Restate the data word for word and leave the images out.

___ DATA BLOCK ___

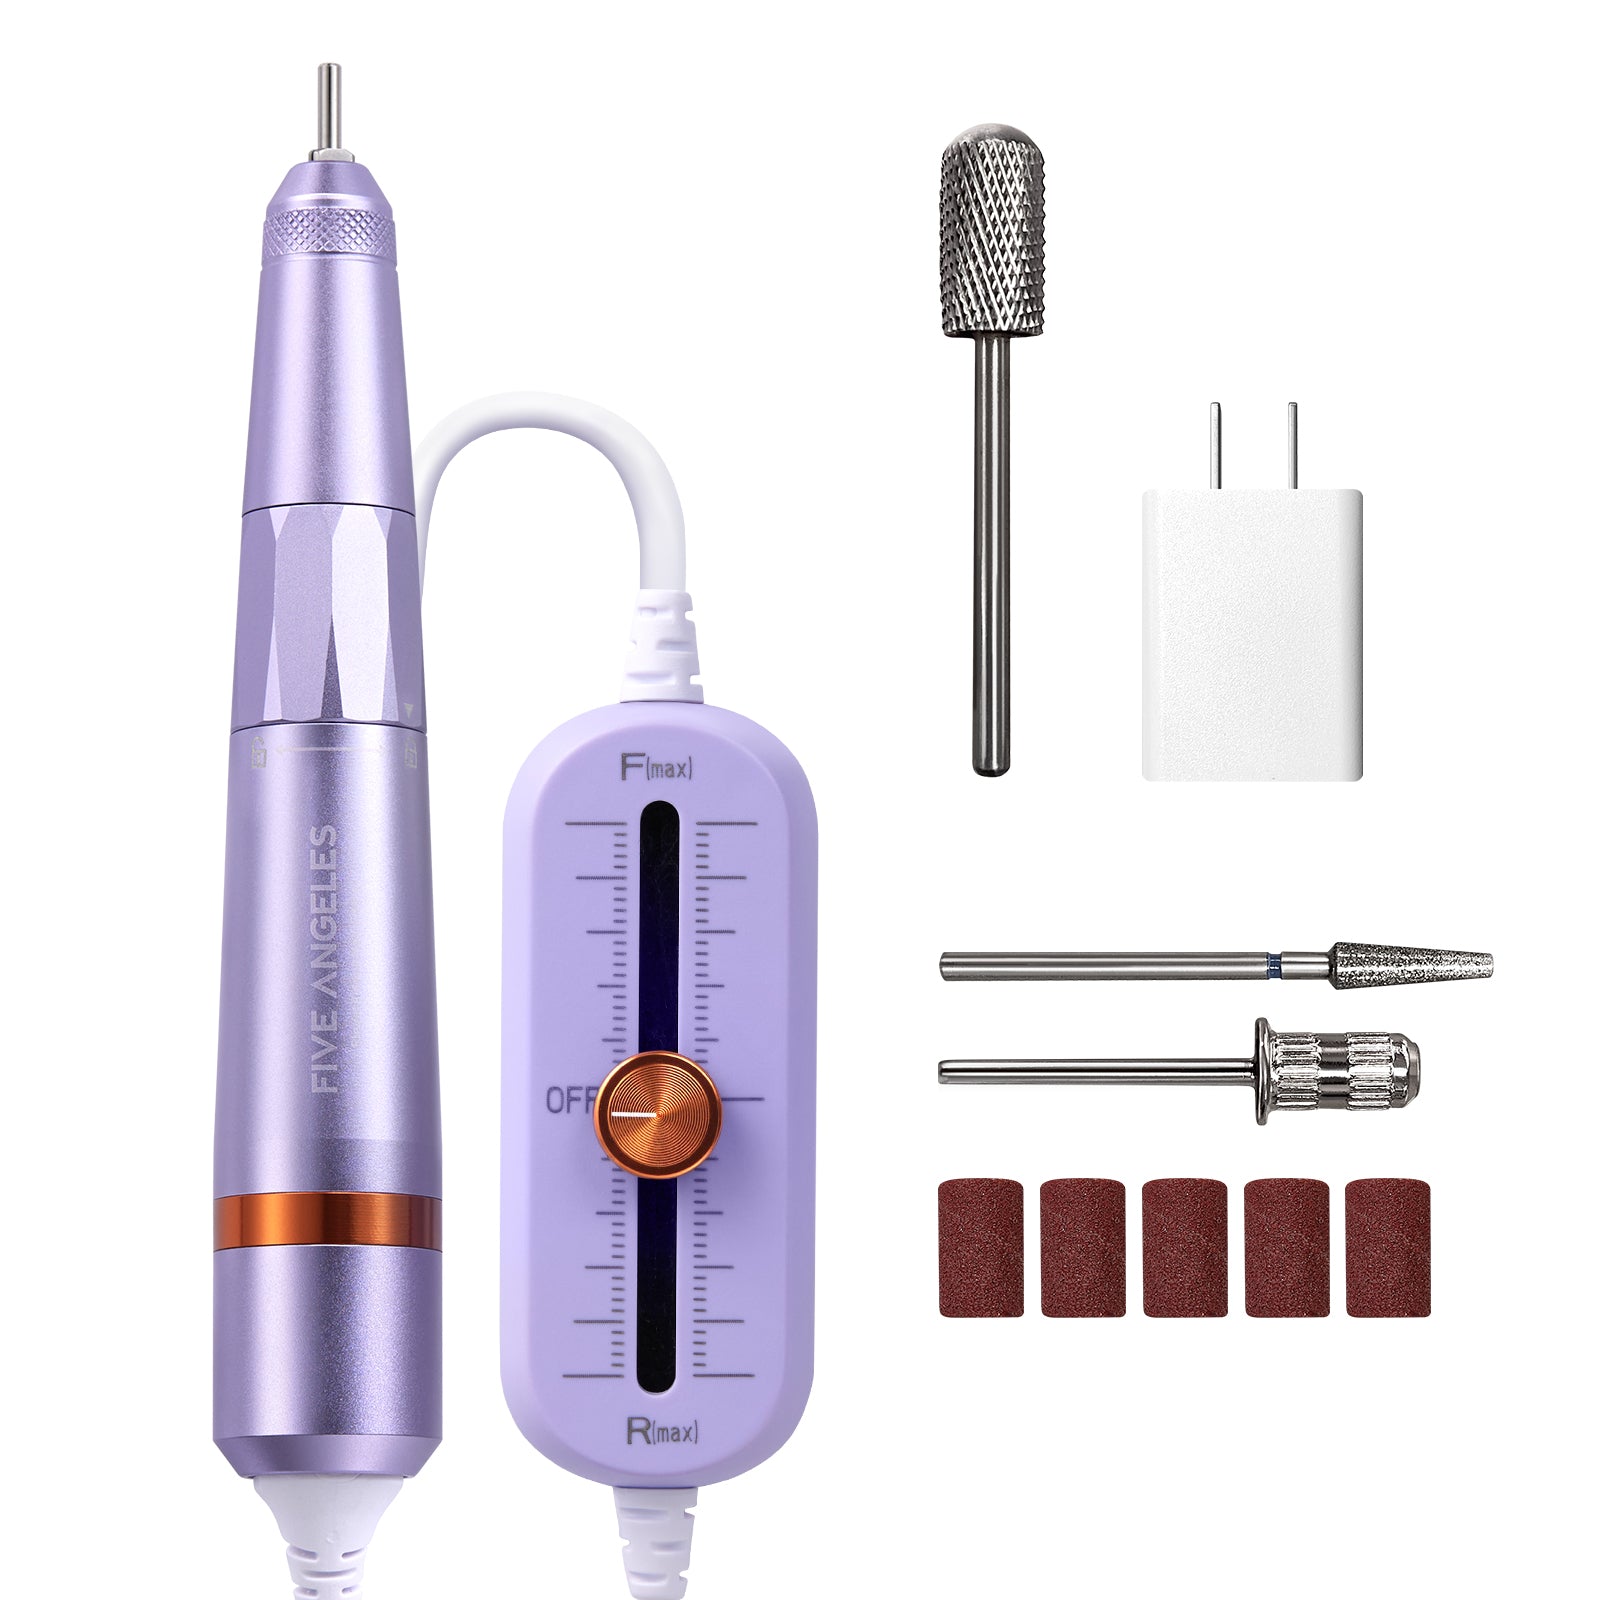 Shop Electric Nail Drill Set Sale online | Lazada.com.ph
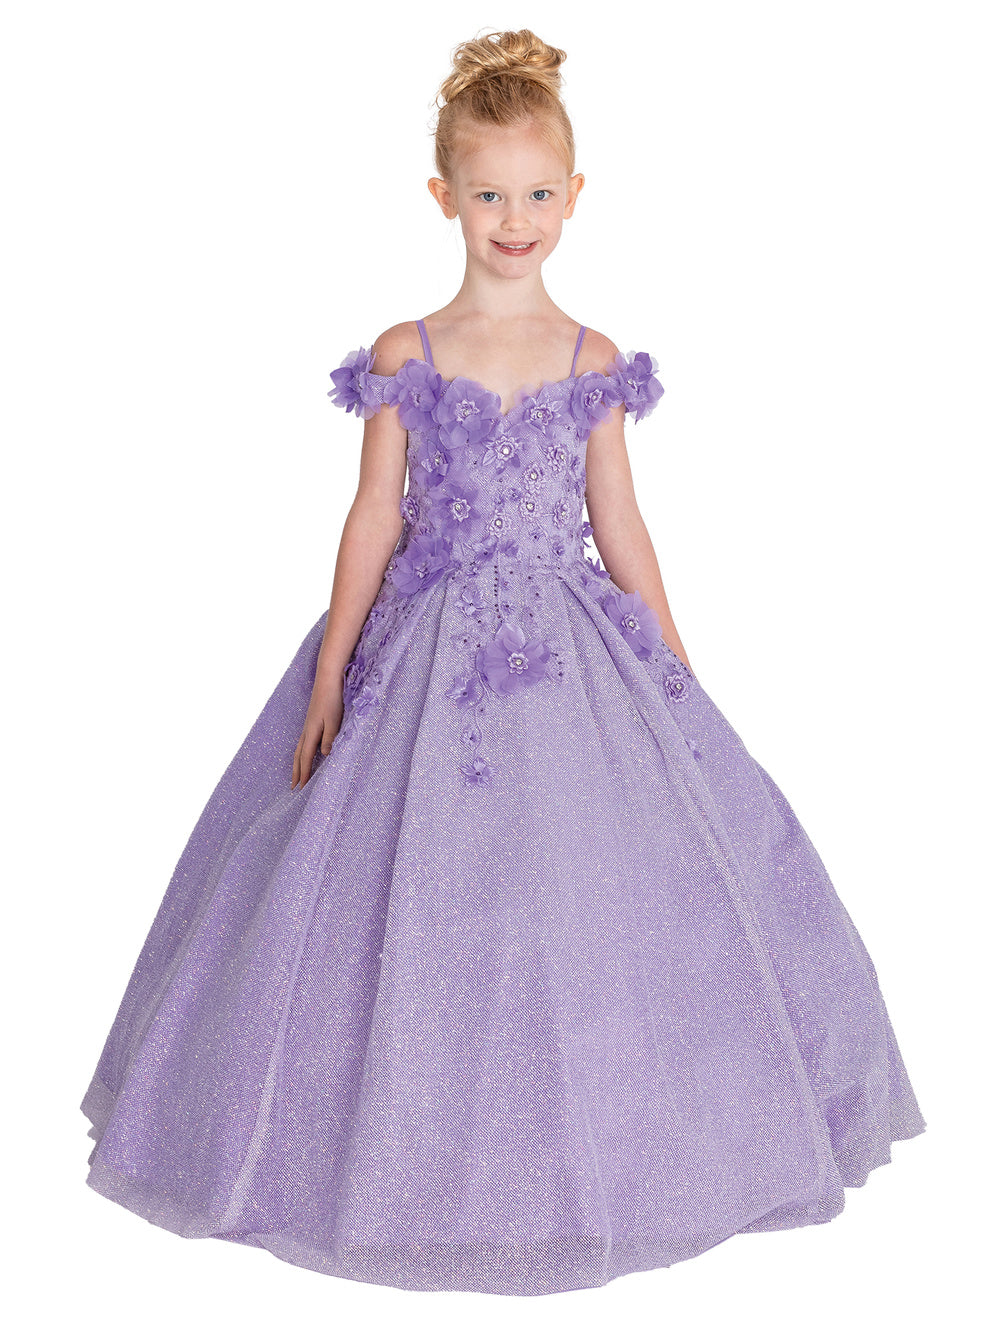 DQ K758 Size 2 Lilac Girls Off the Shoulder Glitter Pageant Dress 3D Flower Corset
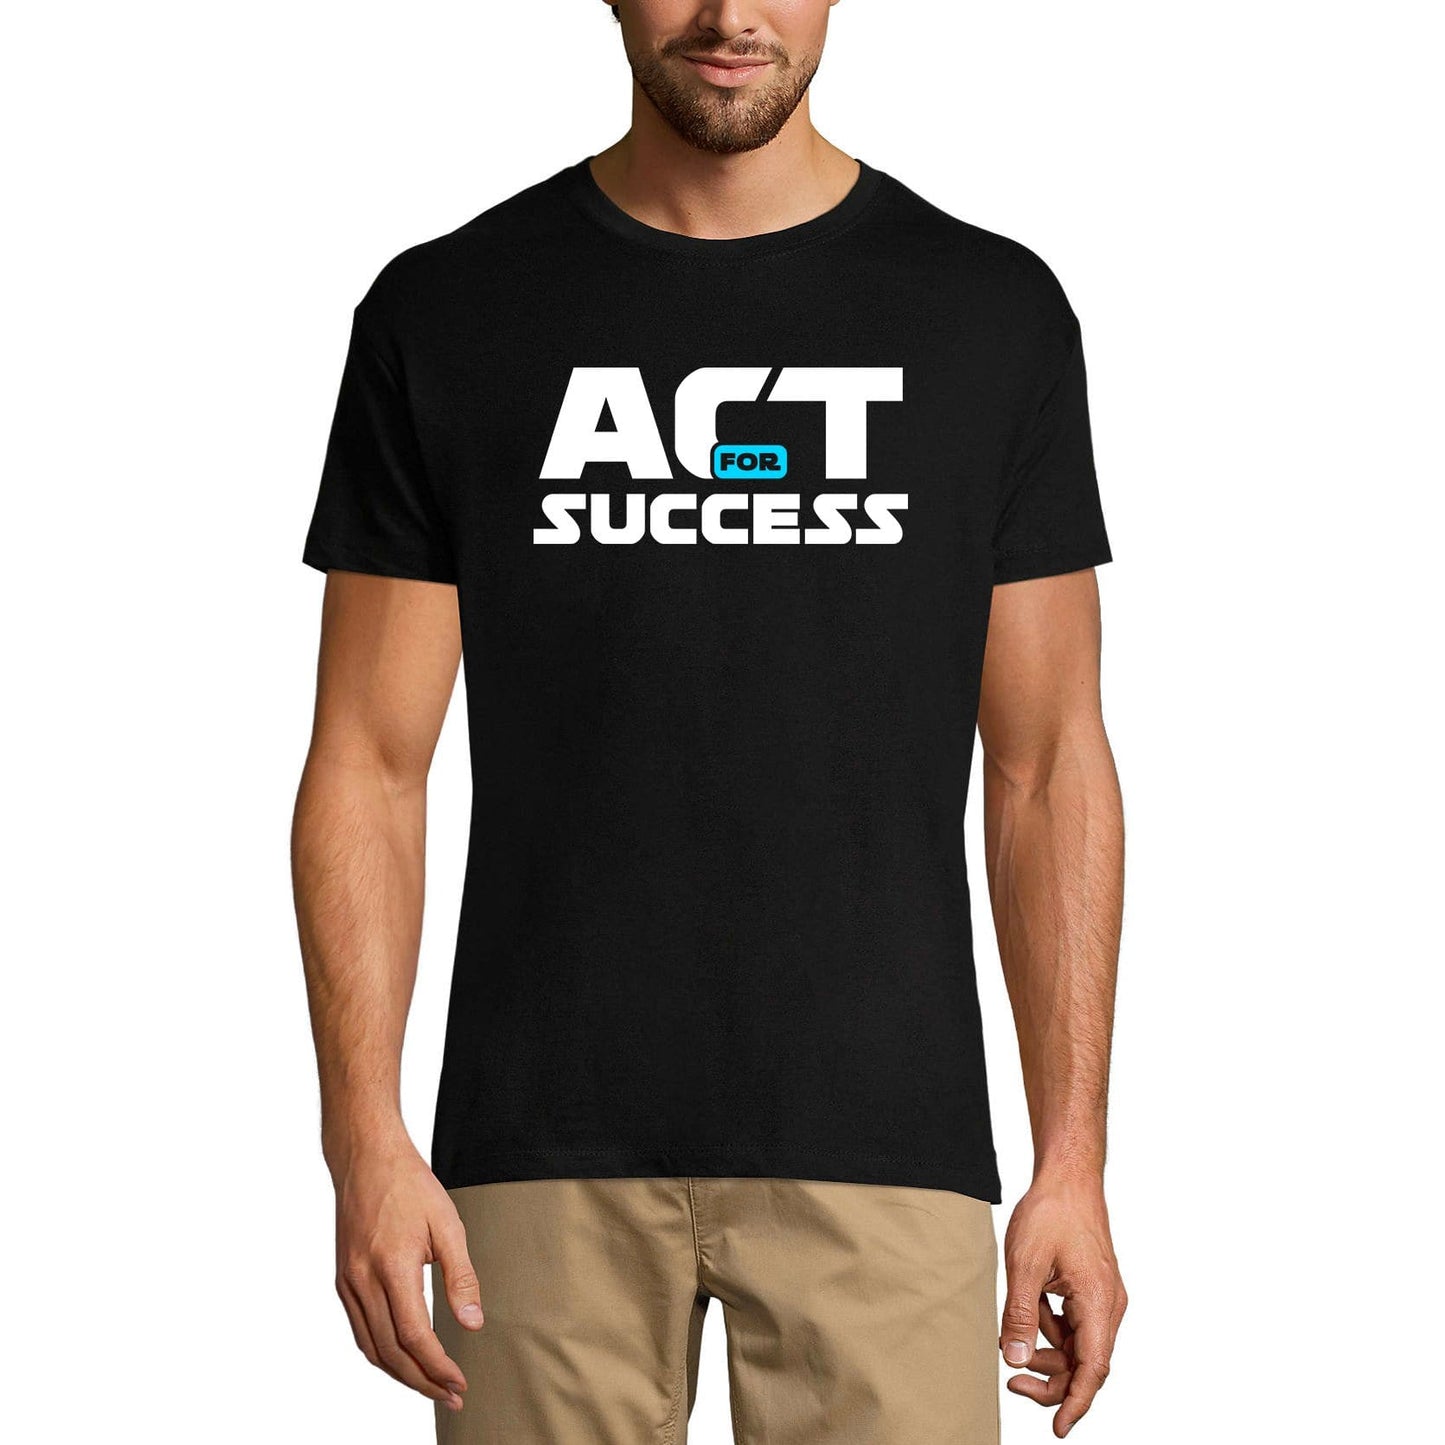 ULTRABASIC Men's T-Shirt Act for Success - Motivational Inspiration Shirt for Businessman

___

TASK OUTPUT
 Shop Electric Nail Drill Set Sale online | Lazada.com.ph
 DQ K758 Size 2 Lilac Girls Off the Shoulder Glitter Pageant Dress 3D Flower Corset
 ULTRABASIC Men's T-Shirt Act for Success - Motivational Inspiration Shirt for Businessman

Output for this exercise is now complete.